By contrast, the absence of gratitude can breed frustration and disconnection. Employees can feel like their contributions are never fully valued and seen. To quote Harvard Health Publishing, “Gratitude helps people feel more positive emotions, relish good experiences, improve their health, deal with adversity, and build strong relationships.” It can increase the quality of life in the office and beyond.

As leaders, we flourish when our teams are successful, so consider consciously and sincerely showing appreciation for them in various ways. Continue reading to find out how to promote gratitude in the workplace for the sake of your career.

3 Ways To Promote Gratitude in the Workplace

1. Institutionalize Gratitude

I’d like to suggest that a major responsibility of ours as organizational leaders is to institutionalize the use of gratitude in our workplace. We can integrate the practice of thankfulness by:

  • Asking team members what would be most meaningful for them to receive gratitude from others. Ensure that gratitude is delivered in those ways and watch the sparks of joy.

  • Encouraging staff members to verbalize a word or sentence of gratitude in closing habitual meetings. End on a high note.

  • Empowering all staff, including managers and supervisors, to recognize each other’s contributions publicly, whenever their efforts are exemplary and not only when milestones are reached.

2. Walk the Walk

Cultivate a “gratitude attitude” among the team by regularly showing appreciation for each member in tangible ways:

  • Email or text your thanks immediately and incorporate GIFs or emojis to elicit a lighthearted response. For bonus points, send a handwritten note!

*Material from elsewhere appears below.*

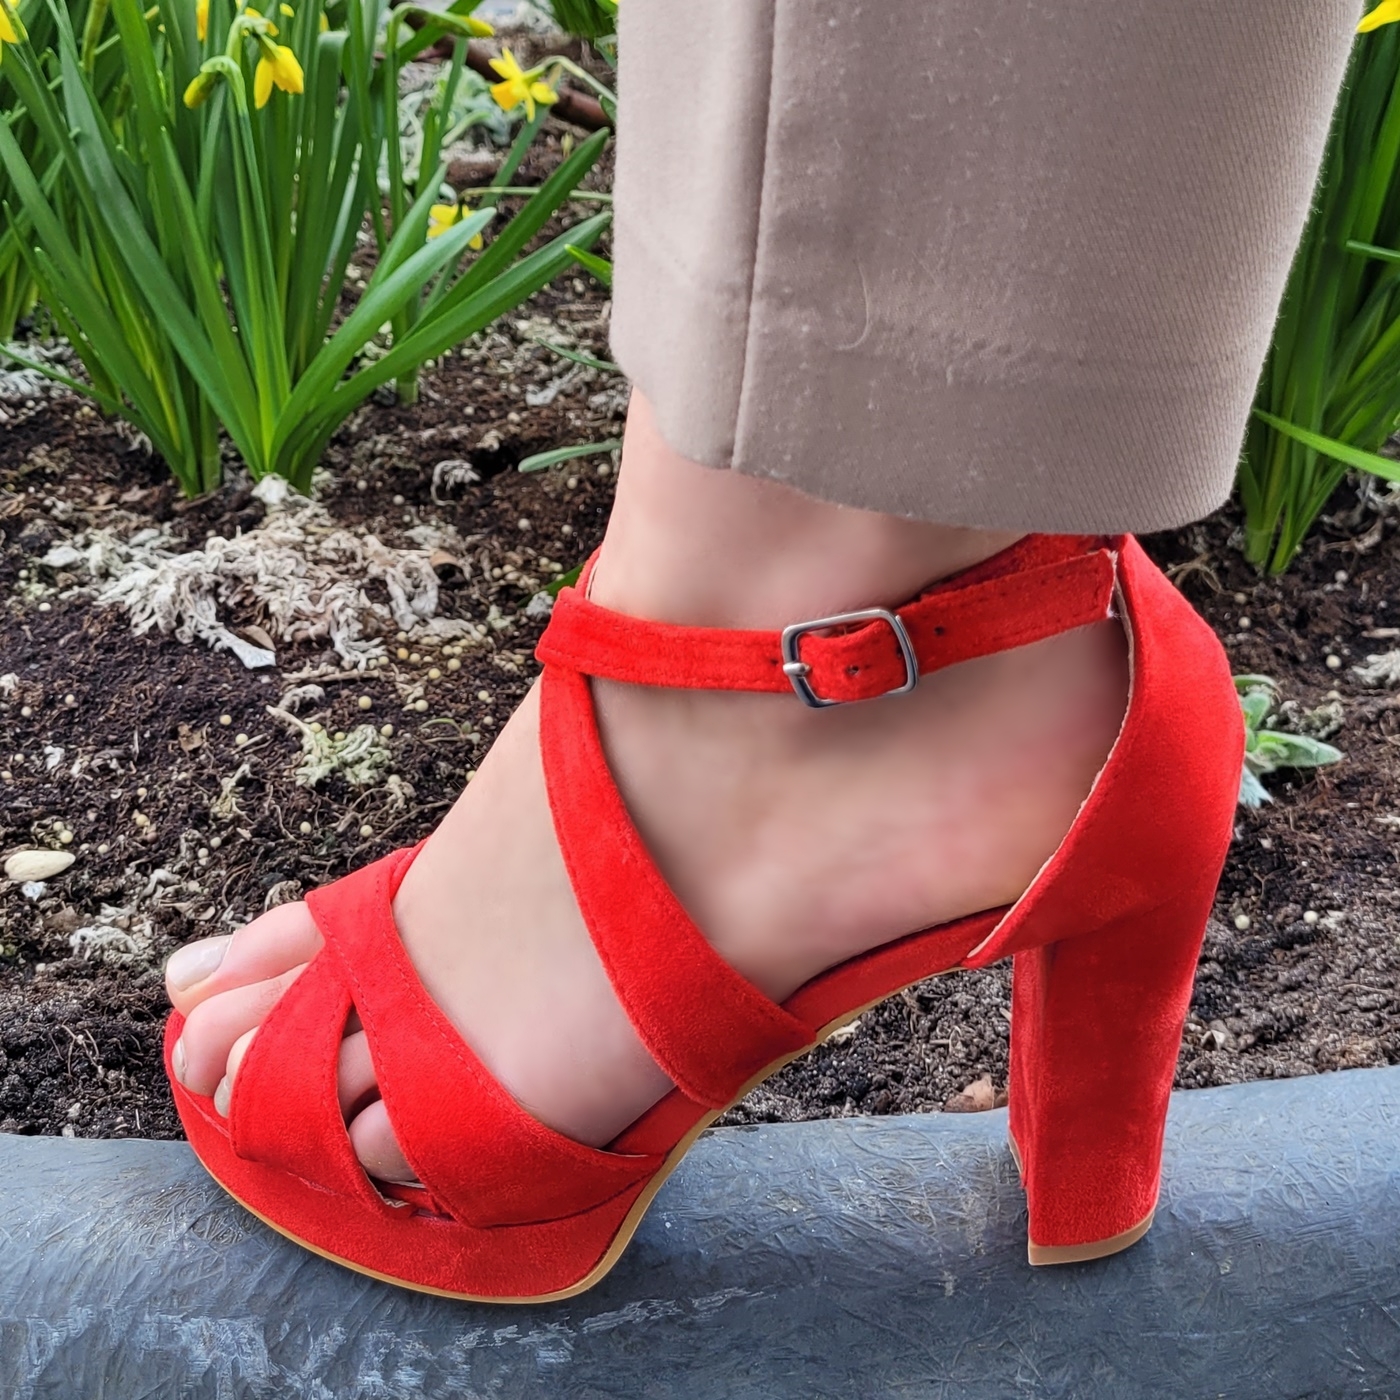 Rode sandalen met kruisbanden | Rode blokhaksandalen met gekruiste banden

  • Host meals to celebrate the small and big wins. If you cannot gather, send a meal through Uber Eats, DoorDash, GrubHub, or directly from a restaurant.

  • Offer positive feedback often as employees are performing their expected responsibilities. It’s a great motivational tool for everyone.

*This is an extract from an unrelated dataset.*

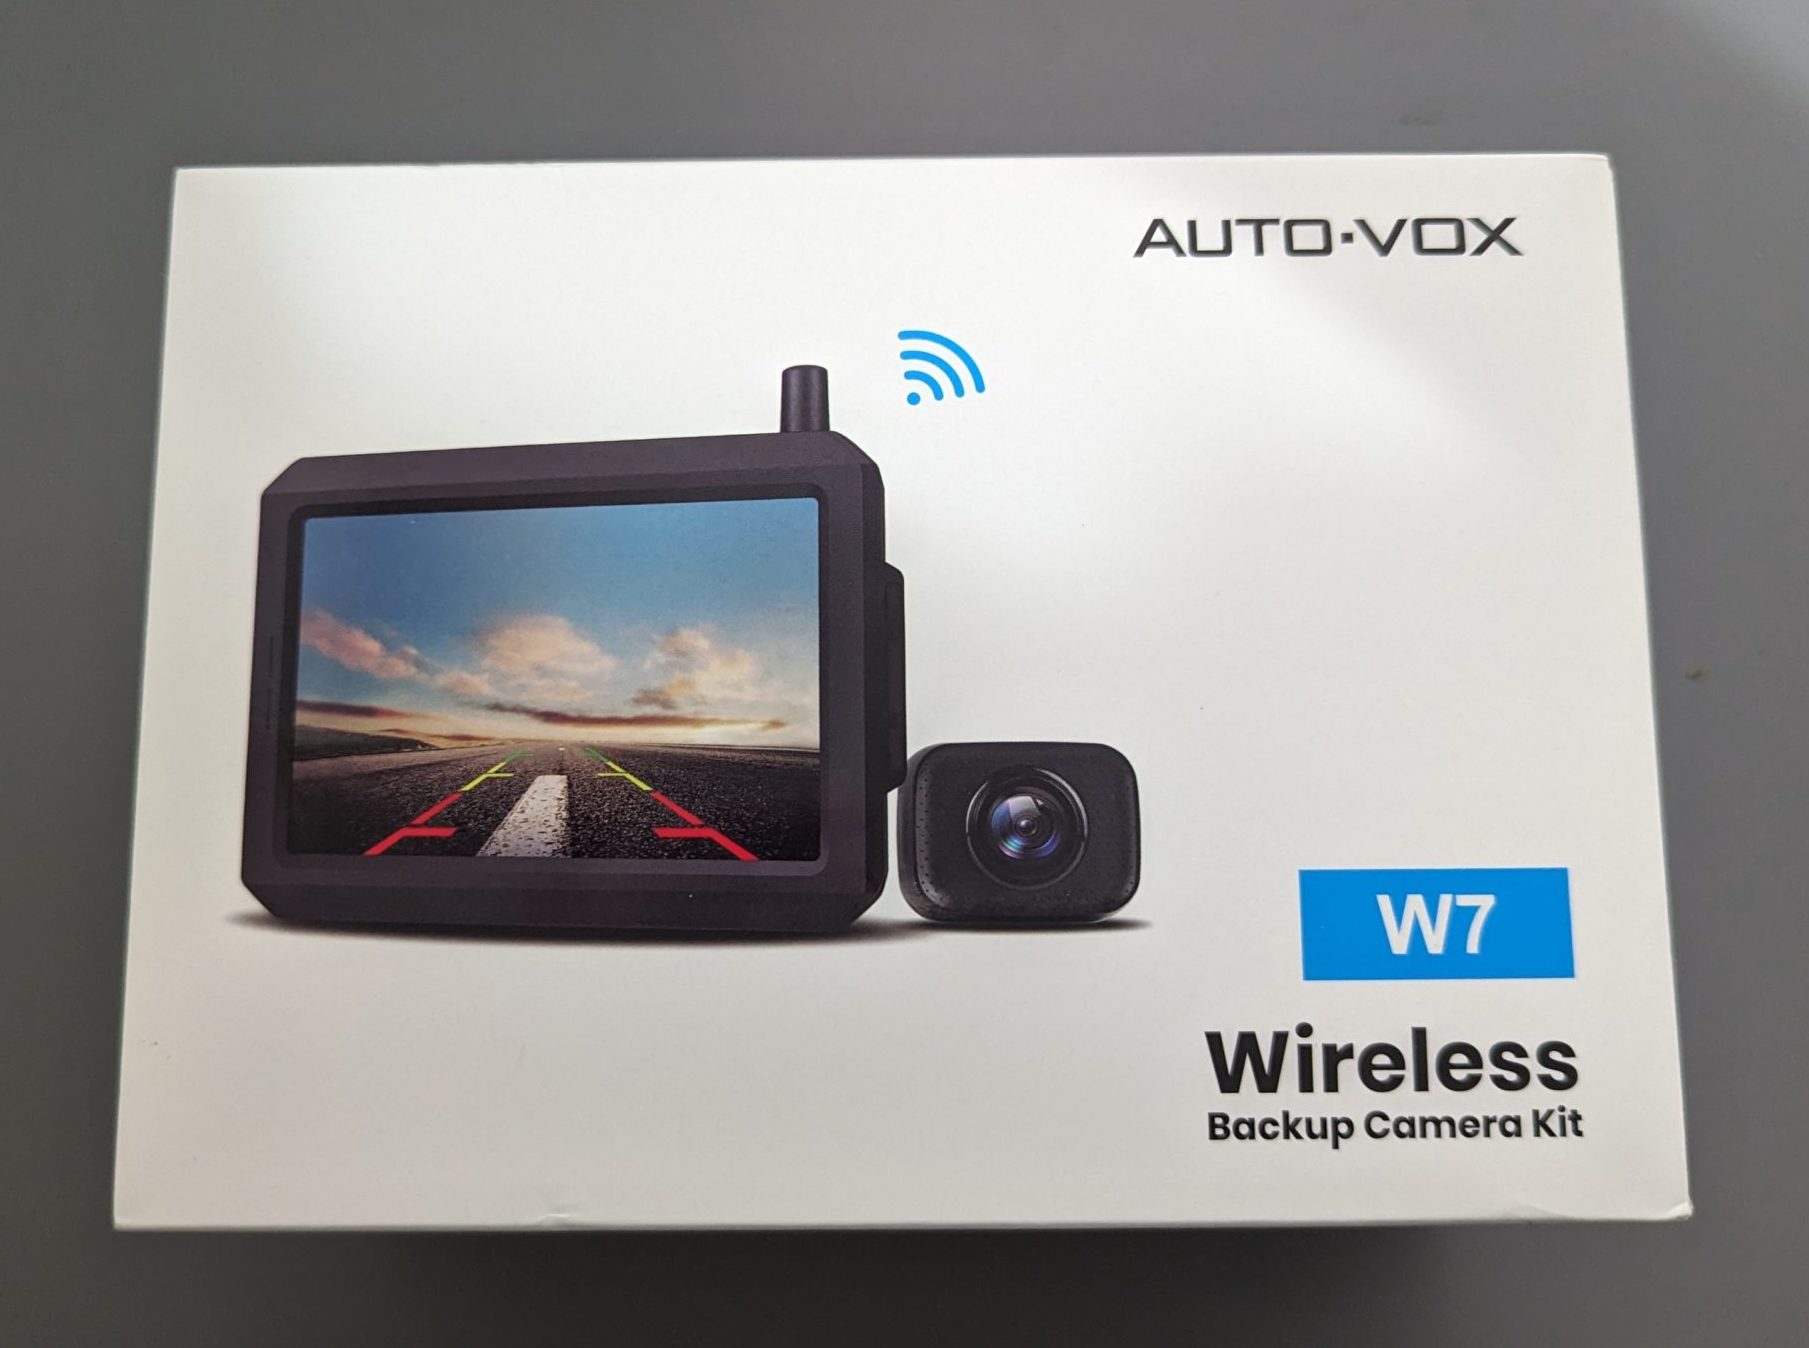 AUTO-VOX W7 Wireless Backup Camera Kit Review

  • Keep an open-door policy to show you’re available to help, and be clear about how it works to prevent frustration.

  • Roll up our sleeves and jump in on projects when team members are in need of help. Model a positive attitude and watch your morale soar.

  • Recognize efforts publicly on social media (e.g., LinkedIn, Facebook groups) but also be careful and inclusive to all team members.

3. “Lift Up” Our Team

Make it a habit to practice “lift-ups” in the office. For example, the mission of our client, At The Well, is to enhance women’s well-being through ancient Jewish practices. Each week, all staff members “lift up” one another by expressing heart-felt gratitude for a specific action or reflection that improved the work of the organization. Lift-ups help create a culture of trust, motivation, and appreciation. You can do something similar in your own organization.

Next Steps

Cultivating a culture of gratitude in the workplace has the ability to boost your organization's success. What are some ways you could incorporate gratitude into your everyday life?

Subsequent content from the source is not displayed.